Pharma can avoid enforcement actions by strengthening innovation, controls and accountability



Based on our analysis of FDA warning letters and untitled letters, pharma companies should take note of some of the following best practices when planning new promotional content:

  • Companies cannot continue to gloss over the risks of their products and showcase only the benefits. They must put equal emphasis on the risks and benefits of their products.
  • Claims about benefits should be grounded in scientific data and evidence to avoid overstating the efficacy or safety of the product. This enables well-informed discussions and decision-making for patients and HCPs alike.
  • Companies should invest in training personnel involved in promotional activities. Employees should avoid inadvertently promoting investigational uses of drugs and false claims by spokespersons, while balancing the sharing of safety and risk information.

The FDA’s expectations and actions are rooted in protecting the patient’s interests and enabling improved patient outcomes. It’s critical pharmaceutical companies strike the right balance between meeting the FDA’s expectations and leveraging technology to increase their outreach to patients. However, promotional content review and approval is becoming more challenging and complex due to a variety of factors, including:

  • Speed. Time is of the essence as marketers seek to engage customers more often across channels.
  • Personalization. Differentiated messages to different kinds of customers requires highly personalized content.
  • Adaptation. Channel affinity by healthcare professionals and patients requires content adaptations across multiple channels.
  • Standardization. Limited standardization results in inconsistent development experience and times.

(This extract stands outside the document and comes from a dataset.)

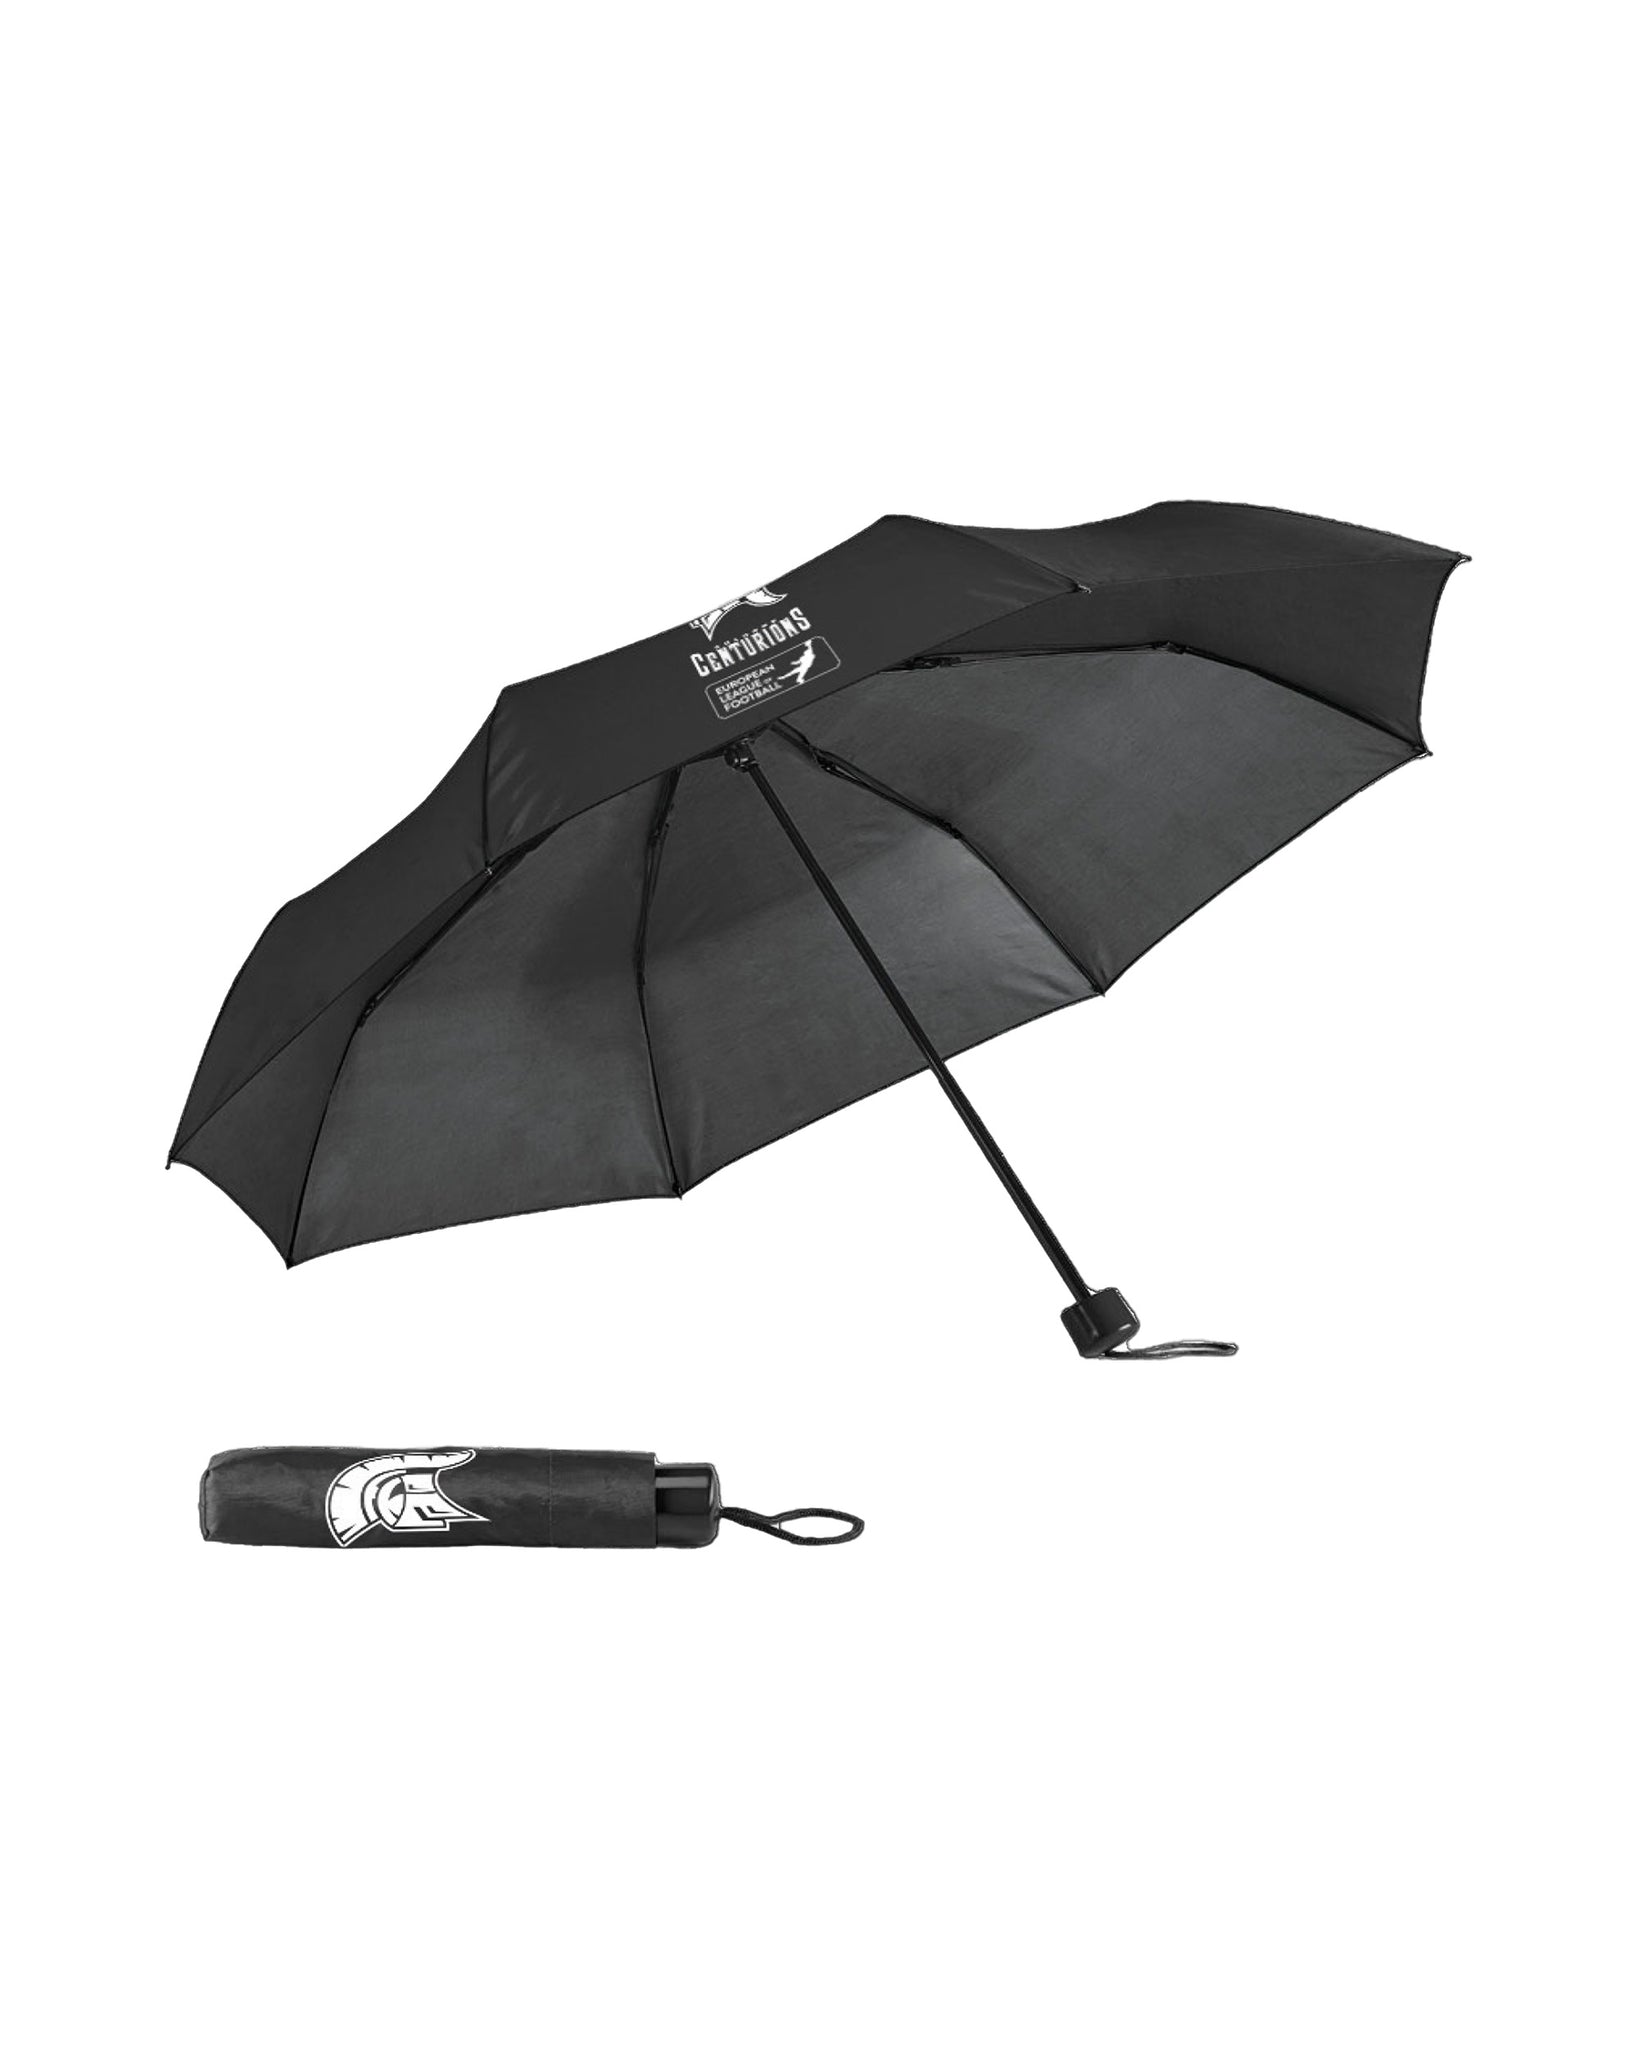 Cologne Centurions Umbrella

Pharmaceutical companies should consider a three-pronged process for making the promotional content review and approval process efficient, scalable and compliant. This process should include:

 

1. Process transformation

  • Perform an assessment and design an agile review process involving modular contents and balanced content templates.
  • Create submission package guidelines using a pre-submission checklist.
  • Create an accelerated approval pathway with business rules and risk tiering.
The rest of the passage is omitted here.